> _Problem details_: Reproduce the records below exactly, but only between the lines holding "Wim Tellier, op" and "rire et sommeil.jpg", inclusive.
──────── Source data
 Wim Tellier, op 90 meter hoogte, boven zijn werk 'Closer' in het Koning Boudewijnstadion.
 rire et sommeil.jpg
────────────────
──────── Source data
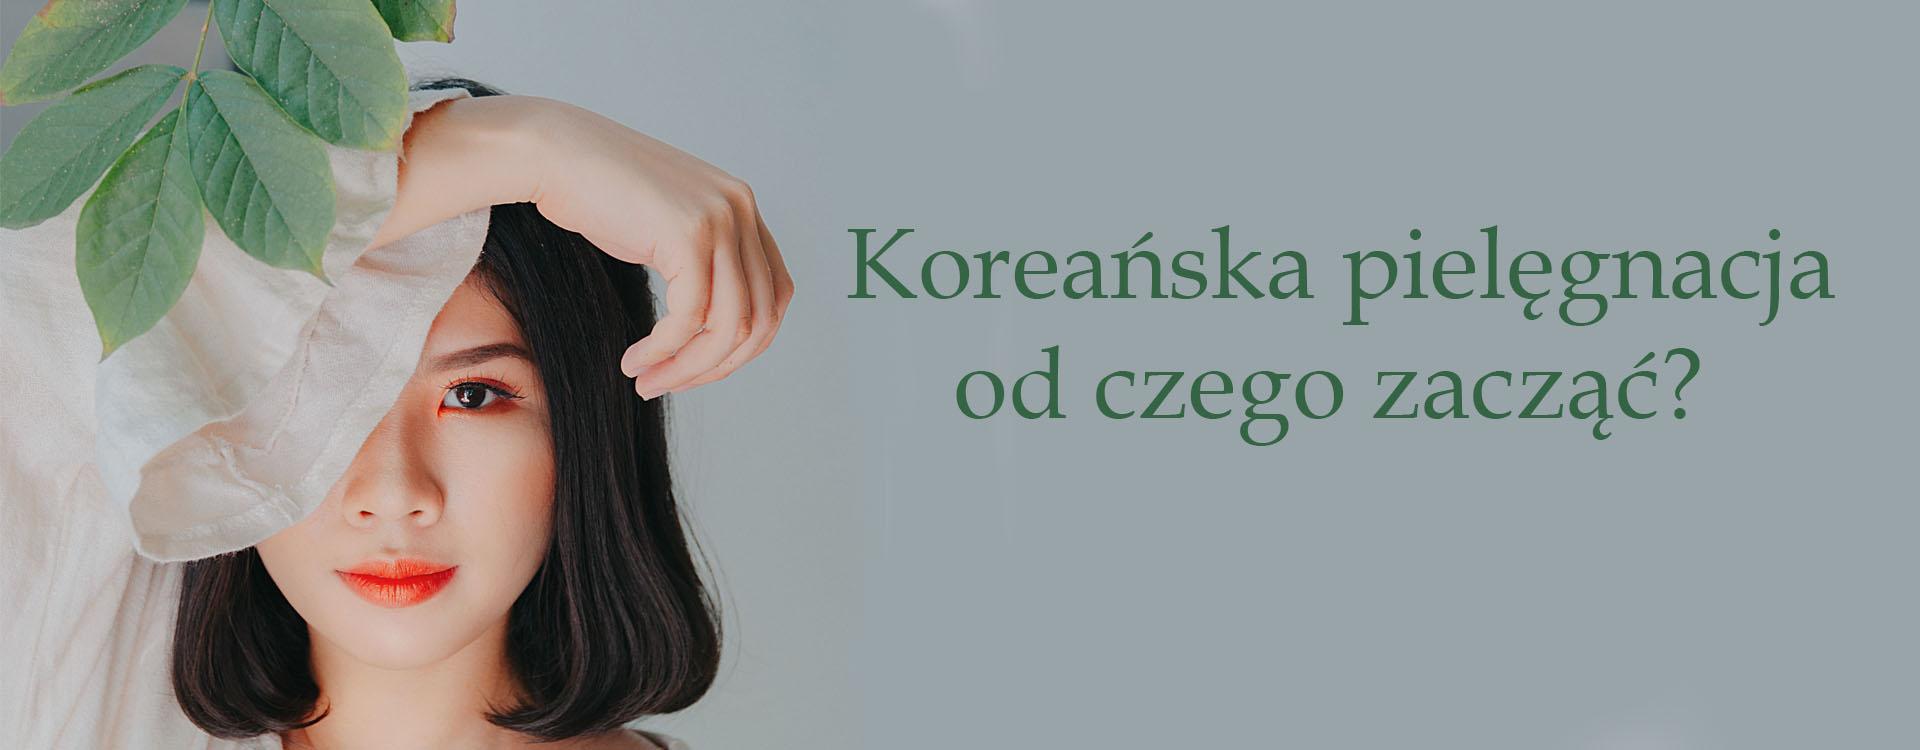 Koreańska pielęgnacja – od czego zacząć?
────────────────
> _Written response_:
 Wim Tellier, op 90 meter hoogte, boven zijn werk 'Closer' in het Koning Boudewijnstadion.
 rire et sommeil.jpg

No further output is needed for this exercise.